The studies that reported carcinogenicity of H2O2 and subsequently generated safety concerns about the use of H2O2 or peroxide-containing tooth whiteners were conducted by Ito’s group (1981; 1982; 1984) and Weitzman et al. (1986). In the 1981 study by Ito and coworkers, male and female C57Bl/6 J mice received 0.1% or 0.4% H2O2 in drinking water for up to 100 weeks, with distilled water as the negative control. An increased incidence of duodenal carcinoma was observed in females only in the 0.4% H2O2 group (4 of 50 mice), and 1 carcinoma was observed in 1 male mouse in each of the 0.1% and 0.4% groups. However, results showed no dose-related incidence of duodenal adenomas. Using standard methods for data analysis in which sexes are analyzed separately, no significant increase in carcinoma incidence was noted in males or females. Statistical significance was achieved only when the data from males and females were combined.

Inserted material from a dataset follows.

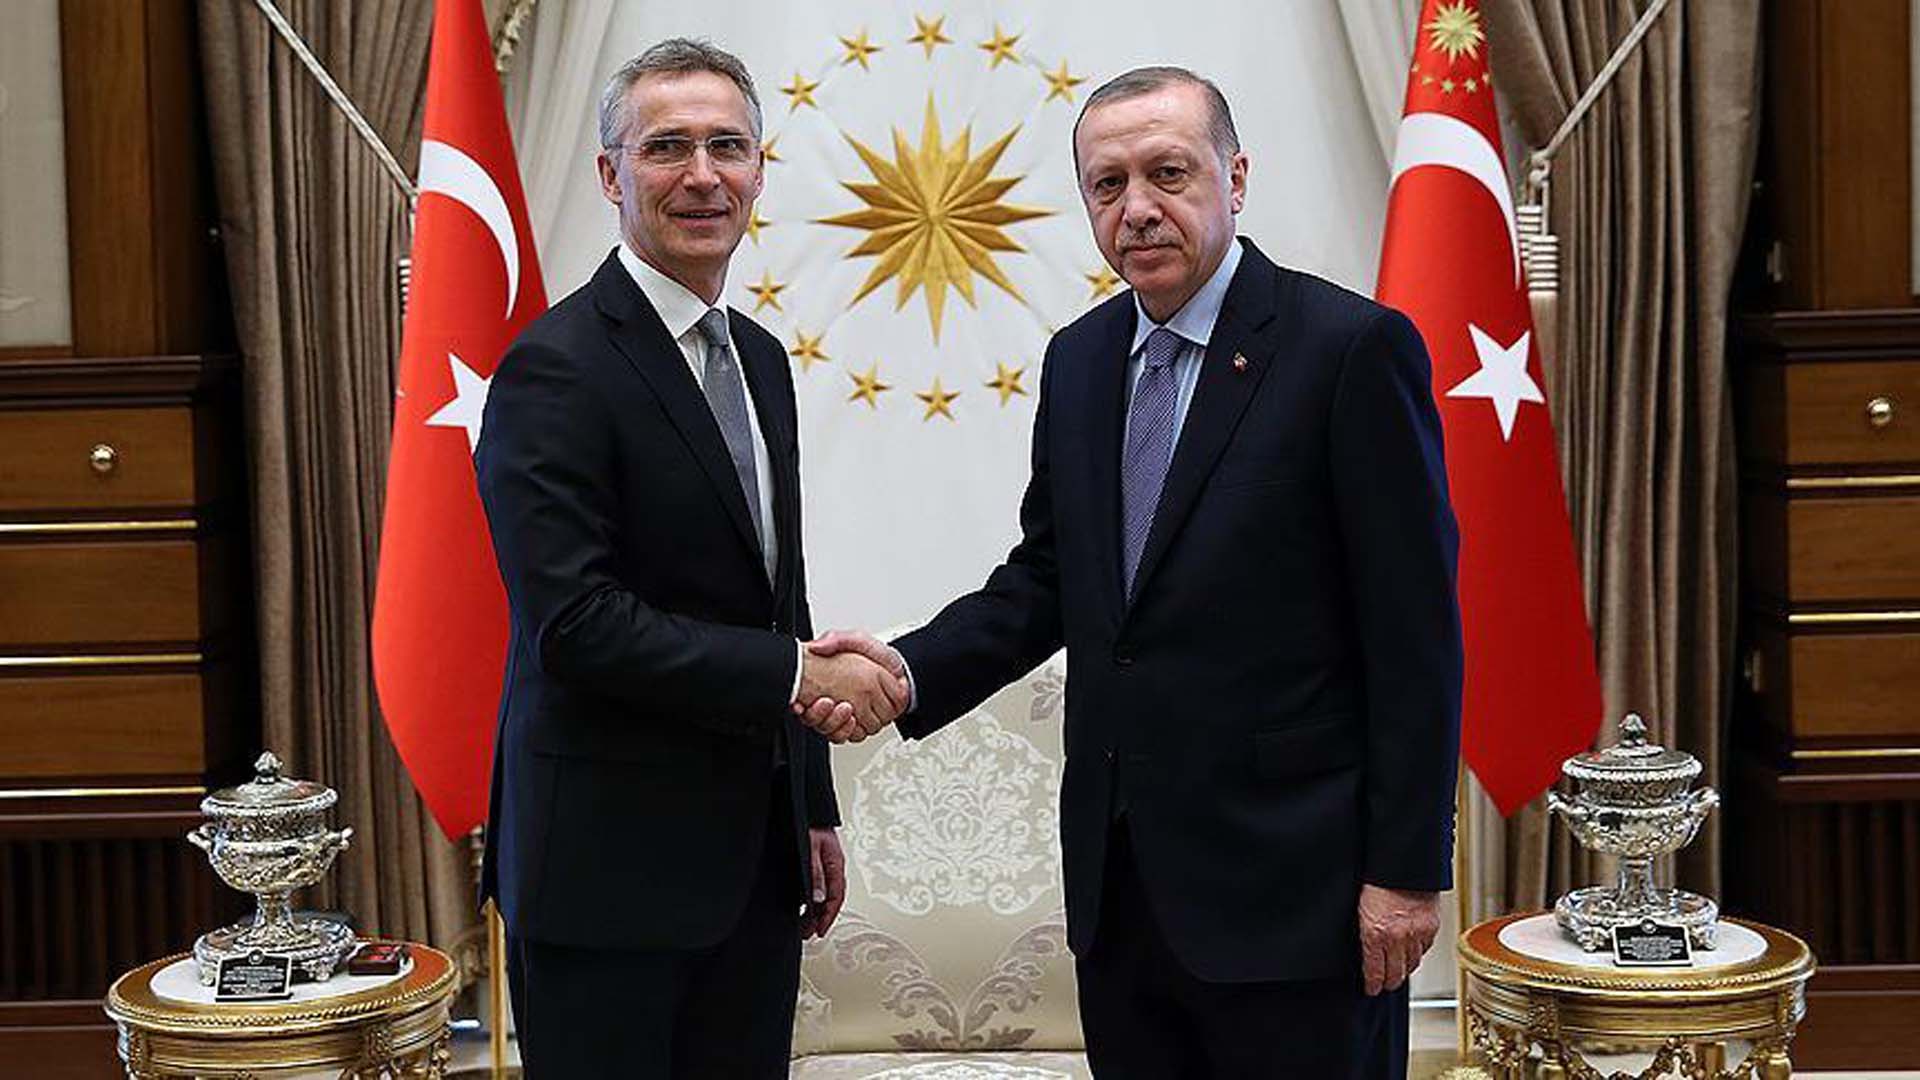 Sosyal medya hesabından duyurdu! NATO Sekreteri Jens Stoltenberg, Cumhurbaşkanı Erdoğan'a teşekkür etti!

In the second study by Ito’s group (1982), three strains of mice, including the C57Bl/6 N strain that was used in the initial study, received 0.1% or 0.4% H2O2 solution in drinking water for up to 740 days. Duodenal cancer (pathologically not defined as benign, malignant, carcinoma, or adenoma) was observed only in C57Bl/6 J mice between 420 and 740 days, with an incidence of 1% and 5% for the 0.1% and 0.4% H2O2 groups, respectively. However, temporary cessation of H2O2 and replacement with distilled water for 10, 20, or 30 days decreased the incidence of lesions in both the stomach and duodenum.
The third study by Ito’s group (1984) investigated four strains of mice that received 0.4% H2O2 solution in drinking water for 7 months (C57Bl/6 N mice) and 6 months (other three strains). The incidence of duodenal lesions was highly strain-dependent and inversely related to duodenal, liver, and blood catalase activity. C57Bl/6 N mice had low catalase activity, and the number of tumors was 41 times that observed in mice with high catalase activity and about 10 times higher than that for the strain with normal catalase activity. Of particular interest is the observation that another strain of catalase-deficient mice had a lower duodenal tumor incidence, both in total number of tumors and number of tumors per mouse, than that of the C57Bl/6 N mice.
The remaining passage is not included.